Emails are one of most common ways for hackers to access your data. They can hack your address book, send a blast email to everyone in it that may say, “Hey, check out this great site I found,” and include a link to malware. People click on the links and voilà, hackers have access to your system.
“Most people in our industry have made a good habit of making sure emails have a signature at the bottom, which includes a name, company logo, contact information,” Murdoch said. “If someone gets an email that does not have that signature block of data, it is suspect.”
Murdoch suggests the best practice that all people have these signature fields filled out with contact information as nothing is more frustrating than looking for contact info at the bottom of an email and seeing nothing but ‘sent from my iPhone” on it. If everyone would use them, it would dramatically lower the threat as fake emails would be easily spotted, even if it came from a known email contact.
Another tip is to hover your mouse over the sender’s email address to ensure it’s coming from the correct sender.

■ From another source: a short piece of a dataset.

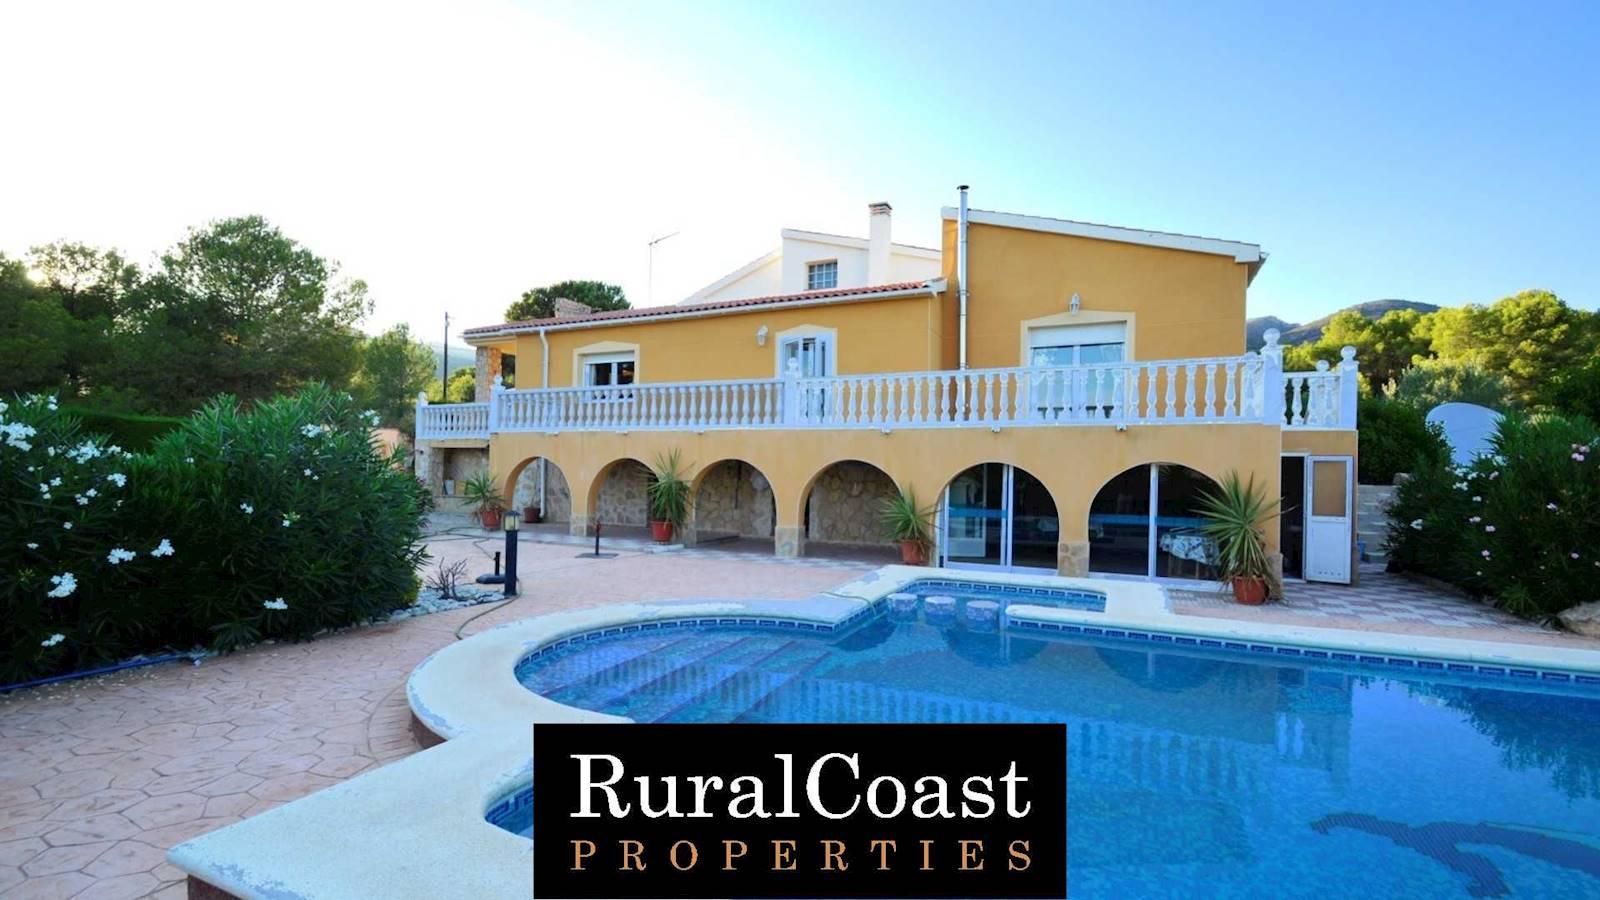 4 bedroom Villa for sale in Torremanzanas with pool - € 440,000 (Ref: 3386661)

The email could be suspect if the address has a long URL and ends in a Russian (.ru), Ukraine (.ua), Korean (.kr) or Indian (.in) domain, which is commonly where these malware attacks originate.
Don’t click on links and pdf files willy-nilly. The majority of initial infections occur when you click on an attachment or link, triggering the code that starts disabling your anti-virus software, injecting the code into multiple places in your operating system, and then spreading to as many machines and peripherals as possible before it locks up all the affected systems and demands payment.
Have IT Help on Speed Dial
“When something like this comes up, I have the responsibility in my office of calling the IT guy,” Murdoch said. “Have one on speed dial that you can call—it’s probably the guy who helped build out your network and is advanced and experienced in helping businesses recover from these things.
Don’t hire the least expensive contractor, either. Murdoch recommends finding someone reliable and who has the experience necessary to get you out of the malware situation quickly and with the least amount of hassle.
Bottom line, business owners must determine the tradeoff between security and usability. “We can make things super tight like Fort Knox, but will people be banging their keyboards out of frustration?” Murdoch asked. “Then you have other people who hook up everything to the internet and it’s open season. The sweet spot is somewhere in between.”